Work through the entries below and report how many lines include "Images". The number alone is the answer.

* _Dataset_:
**********
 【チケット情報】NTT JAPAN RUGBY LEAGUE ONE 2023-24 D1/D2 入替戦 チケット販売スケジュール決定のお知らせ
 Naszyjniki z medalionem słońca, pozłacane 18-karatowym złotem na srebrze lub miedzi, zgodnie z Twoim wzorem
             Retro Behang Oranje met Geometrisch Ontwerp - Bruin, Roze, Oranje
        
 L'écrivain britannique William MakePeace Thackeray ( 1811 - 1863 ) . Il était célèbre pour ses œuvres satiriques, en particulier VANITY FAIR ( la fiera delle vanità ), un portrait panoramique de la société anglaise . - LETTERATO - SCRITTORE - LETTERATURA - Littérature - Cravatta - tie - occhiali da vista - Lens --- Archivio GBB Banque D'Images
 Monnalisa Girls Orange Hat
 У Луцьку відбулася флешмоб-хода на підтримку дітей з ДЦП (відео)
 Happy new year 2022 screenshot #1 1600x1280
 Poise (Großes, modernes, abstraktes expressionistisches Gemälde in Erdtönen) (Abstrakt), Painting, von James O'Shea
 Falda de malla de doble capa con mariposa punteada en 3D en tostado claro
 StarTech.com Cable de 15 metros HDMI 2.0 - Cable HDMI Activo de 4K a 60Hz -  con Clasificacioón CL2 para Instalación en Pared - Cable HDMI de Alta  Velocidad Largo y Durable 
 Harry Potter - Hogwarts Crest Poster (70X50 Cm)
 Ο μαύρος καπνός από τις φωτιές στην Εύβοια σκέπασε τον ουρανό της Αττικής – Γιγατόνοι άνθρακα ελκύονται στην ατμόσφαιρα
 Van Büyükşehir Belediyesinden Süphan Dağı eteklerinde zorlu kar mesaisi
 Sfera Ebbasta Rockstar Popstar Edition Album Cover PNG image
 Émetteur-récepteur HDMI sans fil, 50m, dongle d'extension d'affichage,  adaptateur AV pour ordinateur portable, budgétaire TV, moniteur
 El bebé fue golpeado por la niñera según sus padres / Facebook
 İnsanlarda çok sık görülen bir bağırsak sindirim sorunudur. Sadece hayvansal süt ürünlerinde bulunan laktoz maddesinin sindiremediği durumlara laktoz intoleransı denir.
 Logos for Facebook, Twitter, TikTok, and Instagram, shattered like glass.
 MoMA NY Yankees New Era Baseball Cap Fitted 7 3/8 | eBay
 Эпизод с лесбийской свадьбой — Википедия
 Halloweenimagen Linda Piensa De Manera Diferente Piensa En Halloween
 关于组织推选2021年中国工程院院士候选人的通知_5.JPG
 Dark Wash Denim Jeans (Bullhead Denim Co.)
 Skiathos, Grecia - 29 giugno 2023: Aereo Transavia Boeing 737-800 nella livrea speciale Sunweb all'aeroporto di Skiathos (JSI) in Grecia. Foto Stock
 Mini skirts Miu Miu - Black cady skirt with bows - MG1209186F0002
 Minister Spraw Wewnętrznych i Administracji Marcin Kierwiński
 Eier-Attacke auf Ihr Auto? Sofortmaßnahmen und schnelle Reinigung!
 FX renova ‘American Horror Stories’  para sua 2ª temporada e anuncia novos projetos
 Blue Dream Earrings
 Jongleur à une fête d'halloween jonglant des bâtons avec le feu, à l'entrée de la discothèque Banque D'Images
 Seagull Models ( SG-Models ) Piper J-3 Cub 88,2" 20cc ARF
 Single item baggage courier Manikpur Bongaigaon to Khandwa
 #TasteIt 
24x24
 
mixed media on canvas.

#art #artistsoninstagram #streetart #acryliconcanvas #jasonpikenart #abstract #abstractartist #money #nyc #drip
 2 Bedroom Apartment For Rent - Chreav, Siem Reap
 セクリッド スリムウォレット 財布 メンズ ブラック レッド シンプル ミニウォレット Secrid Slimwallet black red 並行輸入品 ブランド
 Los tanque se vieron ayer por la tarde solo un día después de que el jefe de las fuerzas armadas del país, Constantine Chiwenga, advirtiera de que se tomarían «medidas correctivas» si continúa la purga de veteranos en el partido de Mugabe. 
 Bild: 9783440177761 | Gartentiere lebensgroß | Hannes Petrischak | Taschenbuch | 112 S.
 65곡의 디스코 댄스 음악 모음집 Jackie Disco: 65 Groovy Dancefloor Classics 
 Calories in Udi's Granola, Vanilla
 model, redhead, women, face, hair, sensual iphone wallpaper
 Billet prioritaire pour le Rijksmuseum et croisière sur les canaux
**********
* _Response to the task_: 2